Derevenko and his family followed the Imperial Family into exile to Tobolsk, where they settled in the Kornilov House, situated opposite the Governor’ House, where the Tsar and his family were held under house arrest. Derevenko was permitted access to the latter to administer any necessary medical treatment.

When the Bolsheviks came to power in October 1917, the situation for the captives changed. In April 1918, the Bolshevik commissar Yakovlev arrived in Tobolsk, and took charge. The Imperial Family and their faithful retainers were transported to Ekaterinburg in two groups. Dr. Derevenko remained with the second group in Tobolsk to attend to Alexei who was ill. Following the heir’s recovery in May 1918, they were sent Ekaterinburg to be reunited with the rest of the family.

During the Ekaterinburg period of Derevenko’s life, he was admitted to the Ipatiev House, but only to provide medical treatment to Alexei, whose health was deteriorating. During such visits, the doctor was forbidden to speak with any member of the Imperial Family.

Derevenko was fortunate to have survived the massacre in the Ipatiev House. In December 1918, the doctor and his family moved to Perm, which was occupied at the time by the Whites. It was here that he began to work in the surgical clinic of Perm University. When the Red Army units approached Perm in July 1919, together with some of the teachers, staff and students of Perm University, Derevenko was evacuated to Tomsk, where he worked as a surgeon in the Tomsk military hospital, where he continued working after the establishment of Soviet power in the region in December 1919.

In 1920, he returned to Perm and headed the Department of the Surgical Clinic of Perm University. In 1923, he was elected professor and head of the General Surgery Clinic of the Ekaterinoslav University.

Derevenko later moved to Dnepropetrovsk, where in January 1931, he was arrested on charges of attempting to overthrow the Soviet government by armed force and participating in the secret counter-revolutionary organization Union for the Liberation of Russia. He pleaded guilty, for which he was sentenced to 5 years of “restriction of liberty”, but was not subjected to imprisonment. After serving his sentence, he was exiled to Lugansk, where he worked as a doctor.

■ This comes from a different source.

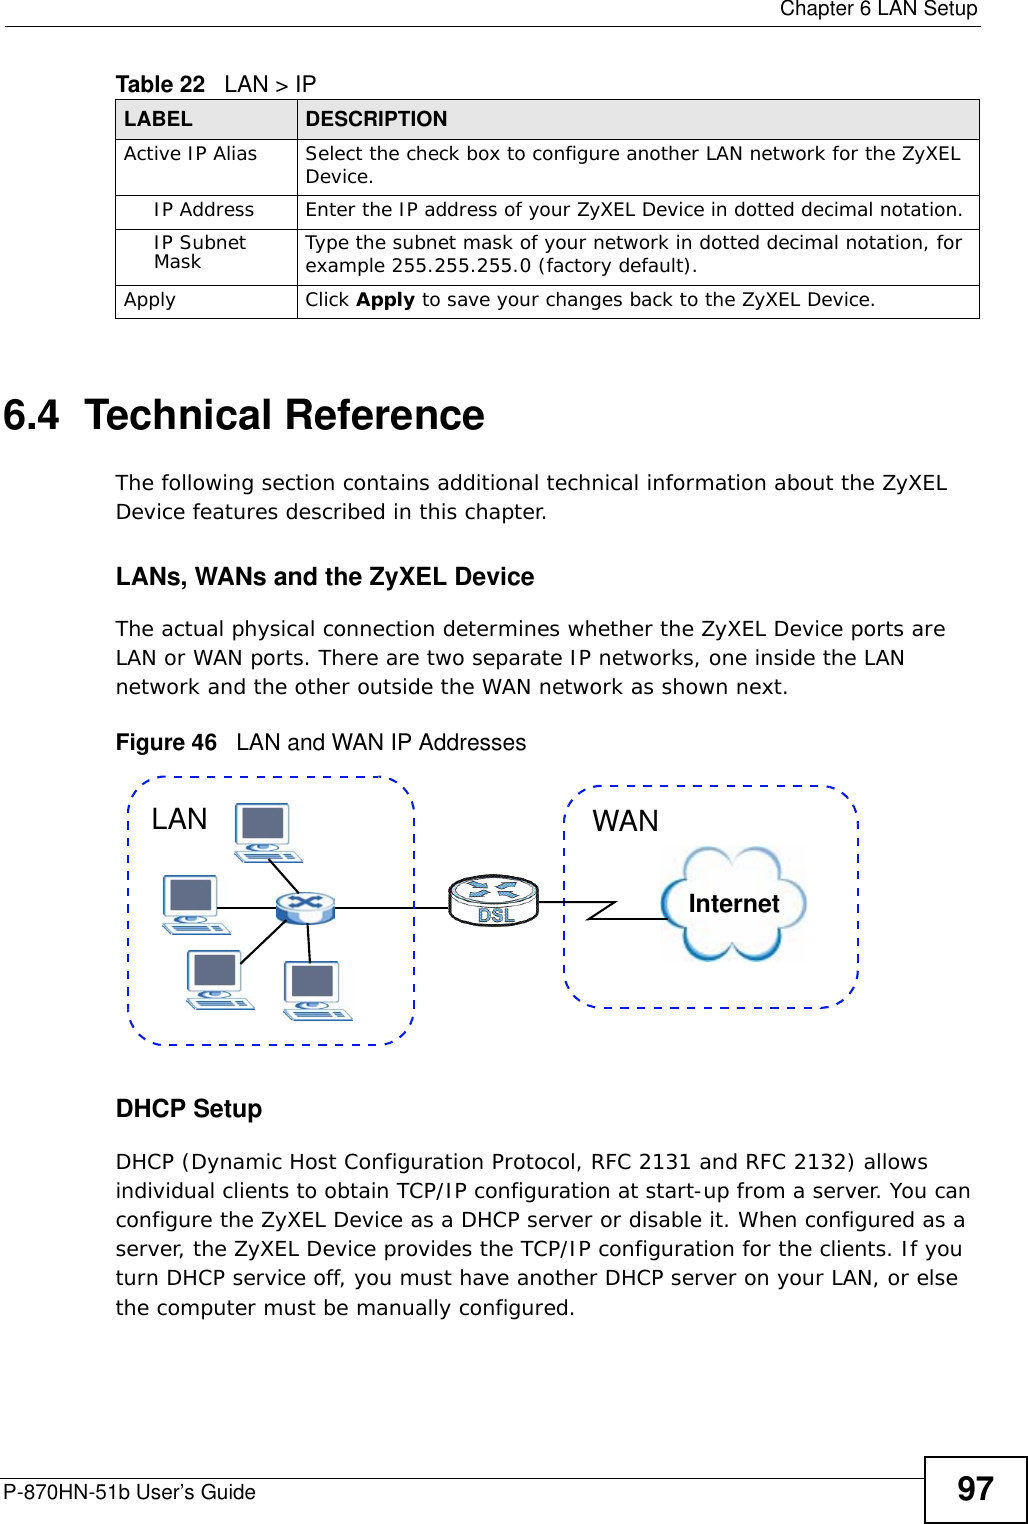  Chapter 6 LAN SetupP-870HN-51b User’s Guide 976.4  Technical ReferenceThe following section contains additional technical information about the ZyXEL Device features described in this chapter.LANs, WANs and the ZyXEL DeviceThe actual physical connection determines whether the ZyXEL Device ports are LAN or WAN ports. There are two separate IP networks, one inside the LAN network and the other outside the WAN network as shown next.Figure 46   LAN and WAN IP AddressesDHCP SetupDHCP (Dynamic Host Configuration Protocol, RFC 2131 and RFC 2132) allows individual clients to obtain TCP/IP configuration at start-up from a server. You can configure the ZyXEL Device as a DHCP server or disable it. When configured as a server, the ZyXEL Device provides the TCP/IP configuration for the clients. If you turn DHCP service off, you must have another DHCP server on your LAN, or else the computer must be manually configured. Active IP Alias  Select the check box to configure another LAN network for the ZyXEL Device.IP Address Enter the IP address of your ZyXEL Device in dotted decimal notation. IP Subnet Mask Type the subnet mask of your network in dotted decimal notation, for example 255.255.255.0 (factory default).Apply Click Apply to save your changes back to the ZyXEL Device.Table 22   LAN &gt; IPLABEL DESCRIPTIONInternetWANLAN

In 2003, shortly before his death, in his only interview, Derevenko’s son Nikolai said that his father died in the spring of 1936 in Dnepropetrovsk (now Ukraine) and was buried at the Sevastopol Cemetery.

JoyTsesarevich Alexei’s spaniel

The faithful canine companion to Tsesarevich Alexei Nikolaevich was the only member of the Imperial Family who survived the massacre which took place in the Ipatiev House on the night of 16/17 July 1918.

“The Czechs [Czechoslovak Corps in the Russian Army], seizing Ekaterinburg, found a poor little animal, half-starved, running around the yard of the Ipatiev House. The dog seemed to be looking for his master all the time and his absence made him so sad and depressed that he barely touched his food, even when he was affectionately cared for,” wrote Baroness Sophie Buxhoeveden in her memoirs.

Alexei’s beloved King Charles spaniel Joy was taken by General Mikhail Dieterikhs, head of the White Army investigation into the death of the Tsar and his family. Joy was eventually homed with Colonel Pavel (Paul) Rodzianko, who was serving with the British Expeditionary Force in Siberia.

The British were expelled from Russia by the Bolsheviks and Rodzianko had grown so fond of Joy that he took him back to England.

Joy died at Windsor, however not at the royal court, but at Colonel Rodzianko’s small estate of Sefton Lawn, whose park adjoined the royal park.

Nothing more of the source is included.